Я остановился, молчал. Взял на изготовку копье. Смотрел по сторонам.
— Слышал? — спросил Митька шепотом.
Я прислушался. Птицы продолжали кукарекать, капли еще падали с деревьев, да и сами деревья шумели на ветру. Больше ничего не слышал.
— Я ничего не слышу, — прошептал я.
Митька медленно поворачивался вокруг своей оси, показал мне жестом сесть. Я опустился в траву, оглядывался. Сердце в груди заколотилось. Что он там услышал? Что он вообще мог услышать в таком шуме? Но, ладно, доверимся следопыту.

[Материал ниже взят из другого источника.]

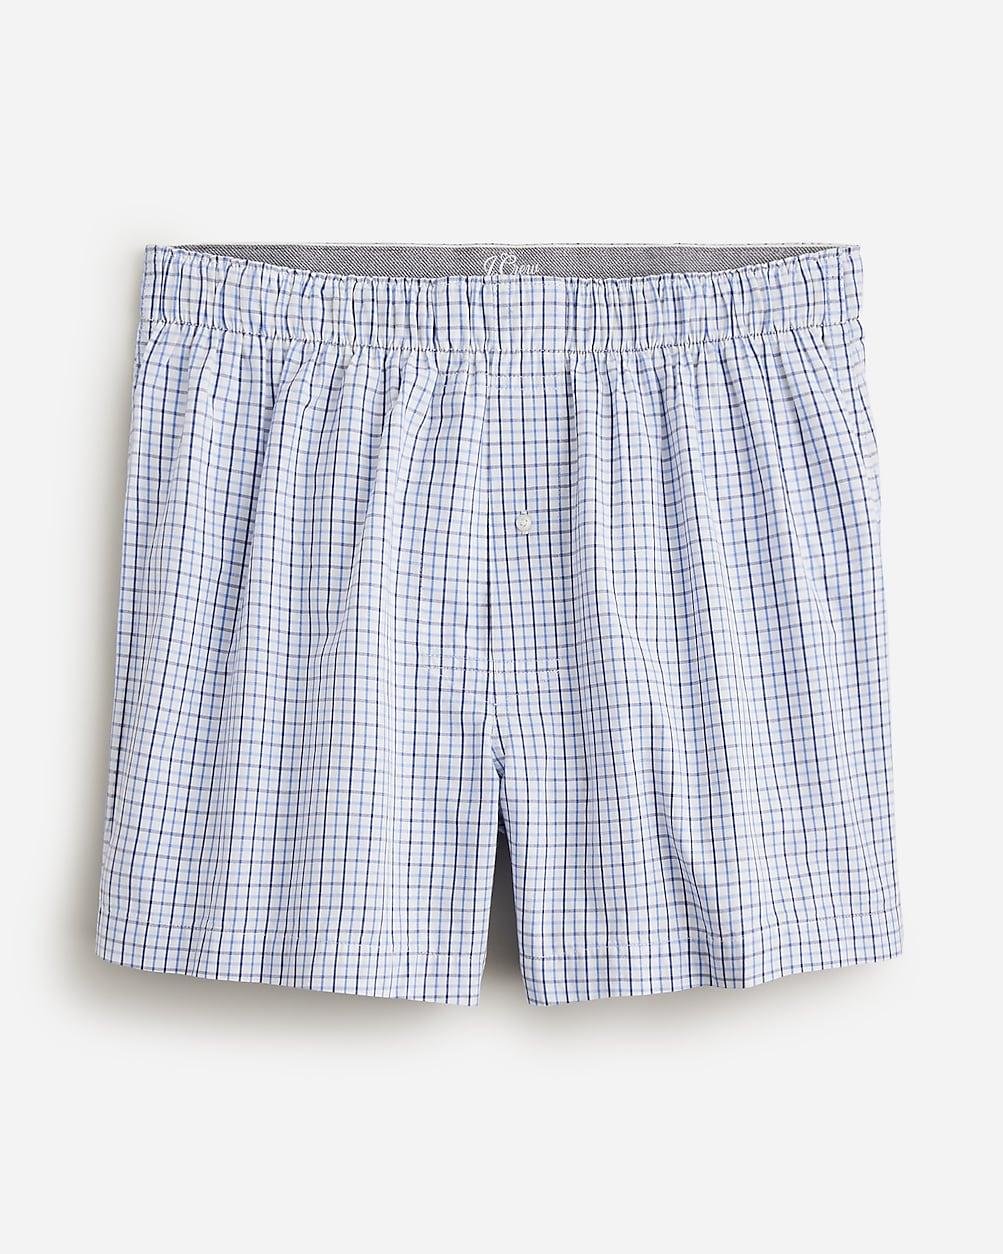 Patterned boxers by J.CREW
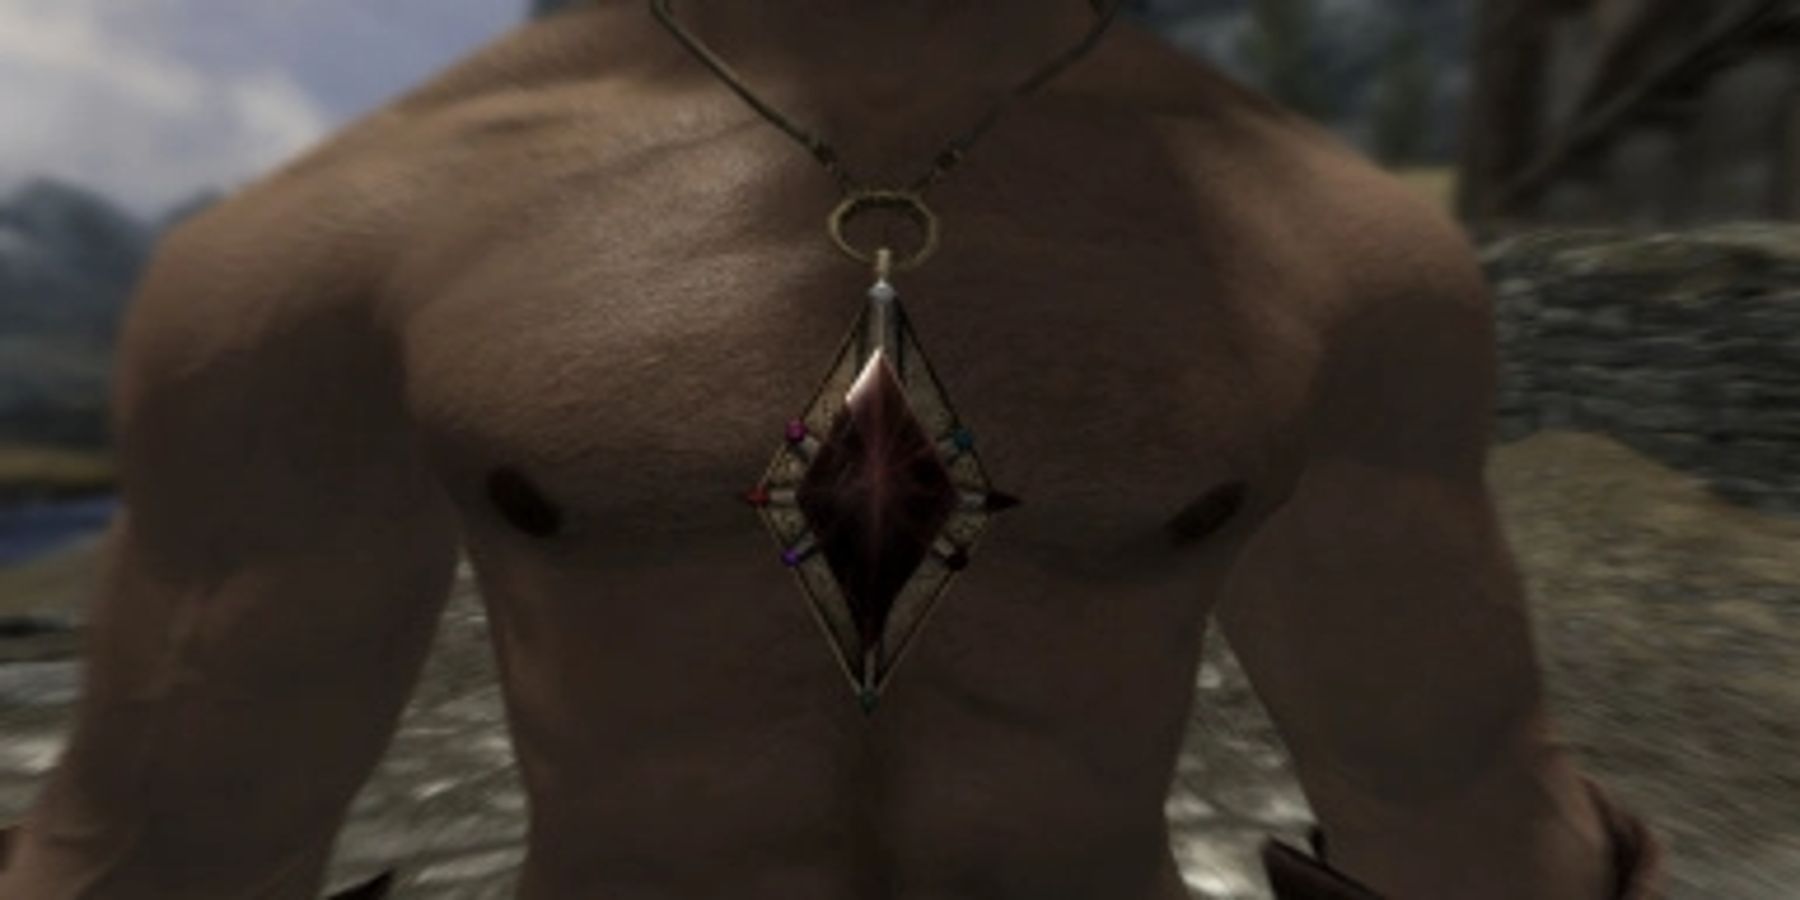 Skyrim character wearing the Amulet of Kings in a Nexus Mod

Снизу я продолжал поглядывать и на Митьку. Он сделал медленный полный круг, как локатор. Остановился, глядя в одну сторону. Протянул в это направление руку.
— Вон там.
— Что там?
— Там кто-то есть.
— И что делать?
Митька присел ко мне, стал говорить так же тихо.
— Либо быстро и тихо уходить в сторону, обходить это место.
— Либо?
— Либо идти на предмет опасности, чтобы отогнать или устранить его и после этого уже идти дальше своим маршрутом.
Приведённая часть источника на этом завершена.